Geliştirme stüdyosu, dairesinin bölümlerinden birinde bulunuyordu. AB Galco'da geçen bir günün ardından Larson, ilk prototipleri geliştirmek için diğer cesur mühendislere katıldı.
“Mali koltuk” başka bir özel evdi, bu örnekte Gabrielsson'ın evi. Tedarikçilere güvenliği aktarmanın bir yoluydu. Gabrielsson, sektörde çok saygın bir kişiydi. Gördüğümüz gibi, gerçek bir başlangıç iklimi vardı.
Görev tamamlandı
İlk prototip Haziran 1926'da hazırdı. Ve mümkün olan en kısa sürede Larson ve Gabrielsson, ÖV 4'ü monte ettiler ve yatırım planını SKF'ye sunmak için onunla Göteborg'a gittiler. Kendi arabanızla gelen muzaffer bir giriş. Harika, sence de öyle değil mi?
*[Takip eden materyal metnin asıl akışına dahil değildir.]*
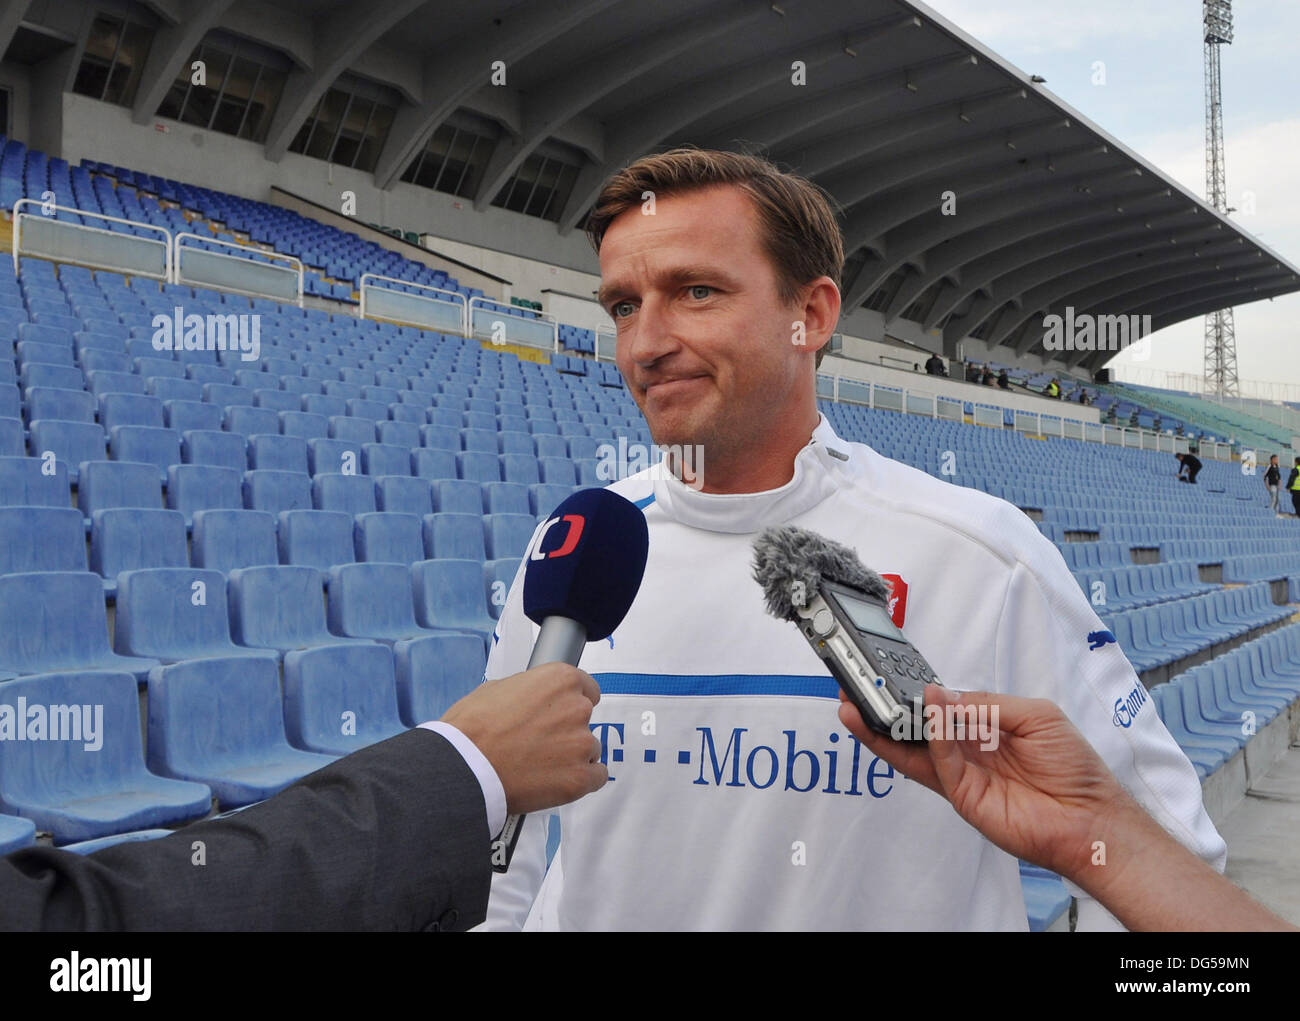 Sofia, Bulgaria. 14th Oct, 2013. Manager of the Czech national soccer team Vladimir Smicer speaks to media during a training prior to the match against Bulgaria in Sofia, Bulgaria, October 14, 2013. Smicer ends as manager because Football Association won´t extend his contract which expires at the end of the year. © David Svab/CTK Photo/Alamy Live News Stock Photo
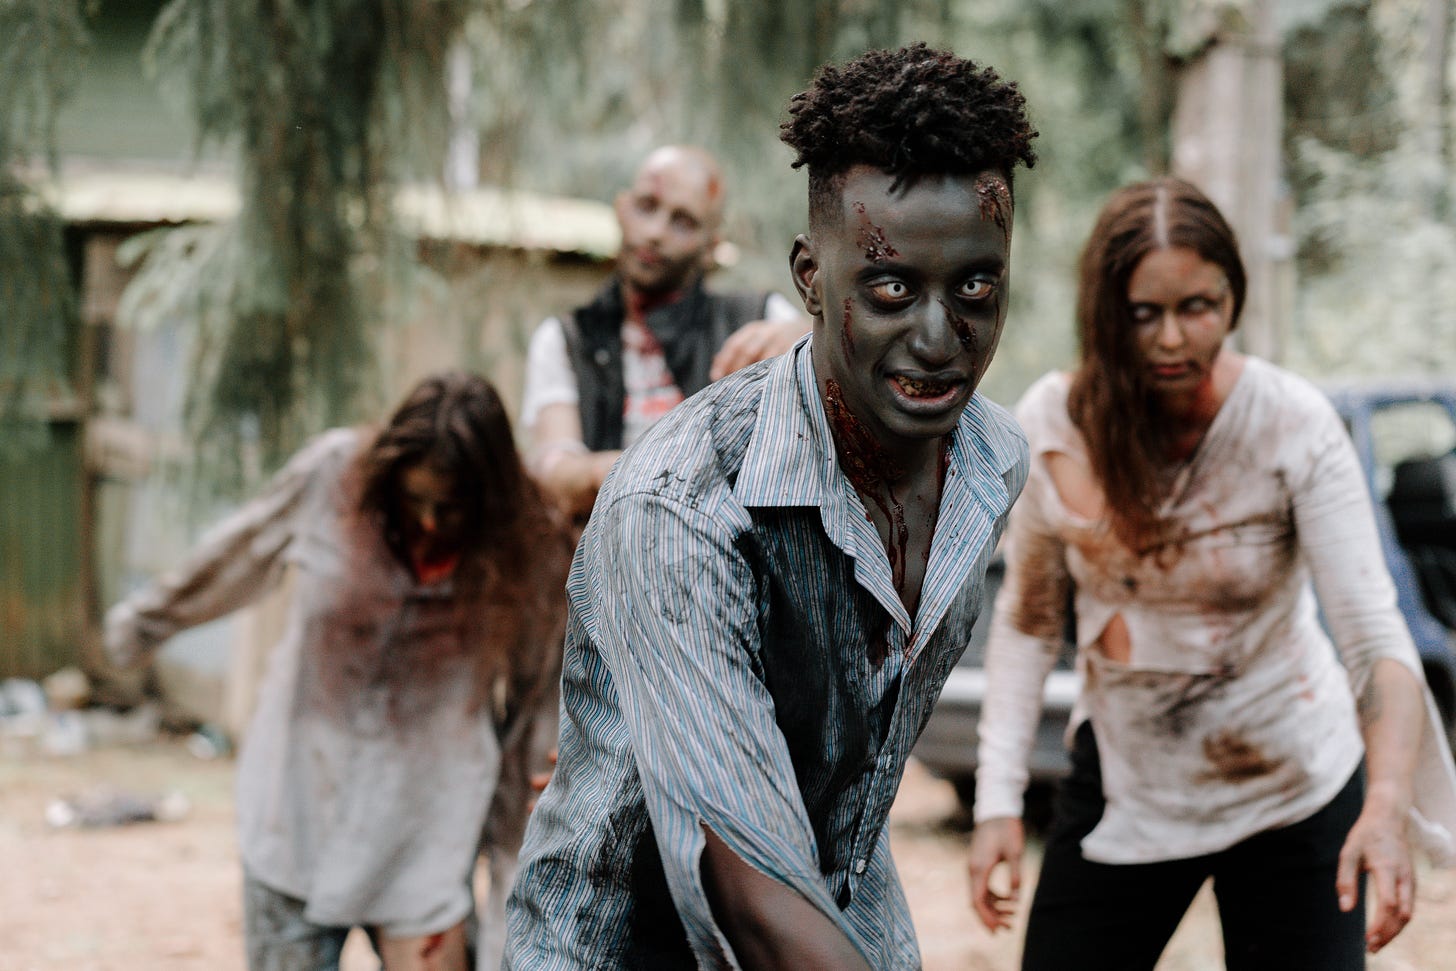 A photograph of a group of zombies lunging toward the camera.

10 Ağustos 1926'da SKF yönetim kurulu Gabrielsson ve Larson'ın projesine yeşil ışık yakmaya karar verdi. "Bize güven!"
Sadece iki gün sonra, SKF ve Assaf Gabrielsson arasında, proje için 10 prototipin ve tüm destekleyici belgelerin transferini öngören bir sözleşme imzalandı. Bu atama Volvo AB adlı bir şirkete yapılacaktı.
Bunu biliyor muydun? Volvo kelimesi Latinceden türemiştir ve rulmanların dönme hareketine bir gönderme olan "Yuvarlanıyorum" (yuvarlanıyorum) anlamına gelir. 1915 yılında tescil edilen Volvo markası aslen SKF şirketine aitti ve ABD için bir dizi özel rulmanı adlandırmak için yaratıldı.
Bu sözleşme aynı zamanda Assar'ın projeye yaptığı yatırımın tamamının ödenmesini de şart koşuyordu. Gustav Larson ayrıca tüm çalışmaları için para aldı. Yapmışlardı.
1 Ocak 1927'de ve üç yıllık yoğun çalışmanın ardından Assar Gabrielsson, Volvo'nun başkanı seçildi. Buna karşılık, Gustav Larson markanın başkan yardımcılığına getirildi ve AB Galco'ya veda etti.
Hikaye burada başlıyor
Beş ay sonra, saat 10.00'da İsveç markasının satış direktörü Hilmer Johansson, ilk üretim Volvo ÖV4'ü yollara çıkardı.
4 silindirli bir motorla donatılmış, siyah çamurluklara sahip koyu mavi bir üstü açık araba olan “Jakob” olarak bilinecek bir model – buraya bakın.
Volvo hikayesi gerçekten burada başlıyor ve daha anlatılacak çok şey var. Volvo'nun bu ay burada Razão Automóvel'de paylaşacağımız 90 yıllık maceraları ve talihsizlikleri, zorlukları ve zaferleri var.
Bu Volvo 90. Yıl Dönümüne Özel'in sonraki bölümlerini kaçırmamak için bizi takip edin.